Bush Ideas for Landscaping
Image by cocoparisienne from Pixabay

Bush Ideas for Landscaping

One of the biggest nutritional powerhouses that you can eat comes in a very small package. Blueberries are packed with more cancer-fighting, anti-aging, eyesight-saving and disease-fighting antioxidants than foods like spinach and salmon. New plant varieties make growing blueberries even easier than before. Sure, they’re the pie-inspiring, cereal-topping, muffin-mixing treat that can make your mouth water, but beloved blueberries are becoming a tasteful choice in another arena — the landscape.

Blueberries are typically grown in humid, northern climates that have winter chills, mild summers and low-pH or acidic soils, conditions that limit their range. But many new varieties are available for lower chill areas, very warm areas, as well as coastal areas. The blueberry now has an enormous range.

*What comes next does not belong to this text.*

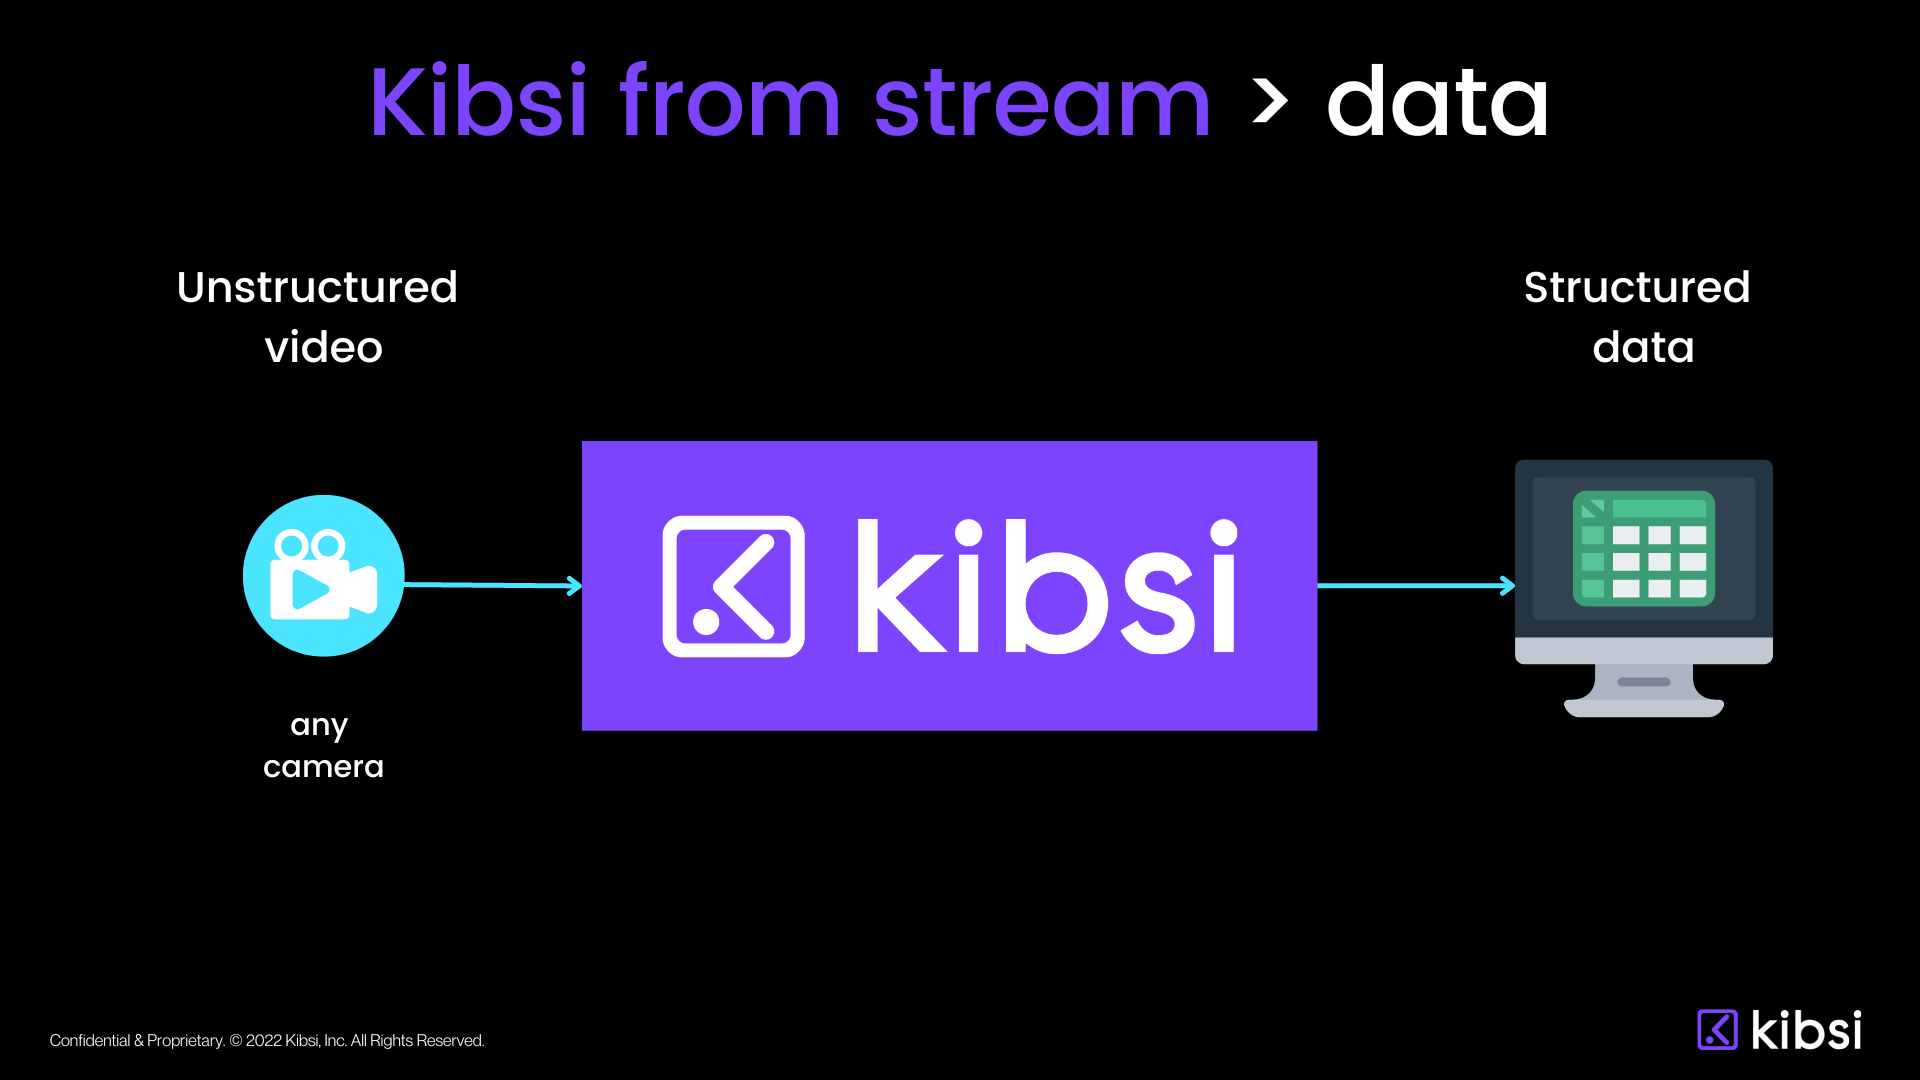 From stream to data

There are three main types of blueberries — low-bush, high-bush and rabbit-eye — all with fairly specific growing requirements. But thanks to the work of hybridizers, new crosses are much more forgiving.

“Southern high-bush are the new varieties, ” says expert Ed Laivo. These classic varieties are being introduced to the lower chill areas as well as the coastal areas and are also able to better tolerate heat. Many southern high-bushes are compact, meaning they’re perfect for smaller yards or patios.

The trick to growing blueberries under less-than-desirable conditions (such as alkaline soils or warmer climates) is container planting. Pots give you a lot more control over the soil. Acidity is critical. “The nutrient uptake comes out of the soil, and a mix of peat, bark and an acid soil mix will help to provide everything the blueberry plant needs immediately after you plant it, ” Ed says.

His special blend for a low-pH soil is one part peat moss for acidity, one part bark (it’s porous for good drainage, and as it breaks down, it adds organic matter to the soi, l which lowers the pH), one part acidic potting soil and a handful of soil sulfur. This is Ed’s standard mix and it has a pH of about 5.5, which is right at the outside limit of what blueberries like for vigorous growth.

“If you’re lucky enough to have a pH of between 4.5 and 5.5, then you can grow blueberries all day long, ” he says. “But most don’t, so you really need to add an amendment that acidifies the soil.” To do that, he suggests cottonseed meal or bloodmeal. To plant in containers, he transplants a two-gallon nursery plant into an 18-inch pot.

Blueberries like moisture because they’re shallow-rooted, so the bigger the pot, the bigger the drink of water. Speaking of water, did you know the pH of water can vary enormously and affect the acidity and alkalinity of soil? Meters to measure pH levels as well as test soil kits are widely available to help with any necessary adjustments during the growing season.

Planting blueberries in the ground is different. The best way to plant a blueberry in the ground is to dig a hole about 2-1/2 feet wide and 1 foot deep. Ed also recommends removing the native soil. Use the same soil blend Ed used for the containers, but mix in native soil from the hole.

Many blueberries are self-fruiting, but for a bigger yield and a longer season, plant several varieties. Even in containers, high-density planting is the way to go. “The best way to get more blueberries is to plant a number of varieties so they cross-pollinate, ” Ed says. “More varieties means that you’ll have an extended ripening period, which is always wonderful.”

A healthy blueberry plant will fruit for 15 to 20 years before slowing down. Every five days or so, harvest the berries that are deep blue. “I always look for good dark color in the berry, and I think the darker the better, ” he says.

For the first three years, you won’t need to prune young plants. After that, cutting the plant back once a year will increase vigor. Every winter, remove canes that are older than six years old and cut back all the other healthy canes by about a third. Remove any canes that have really tremendous amounts of discoloration, and remove all the lower, small, wimpy growth.

To protect your blueberries, drape a large piece of netting over some sort of framework such as bamboo sticks or an extra-large tomato cage.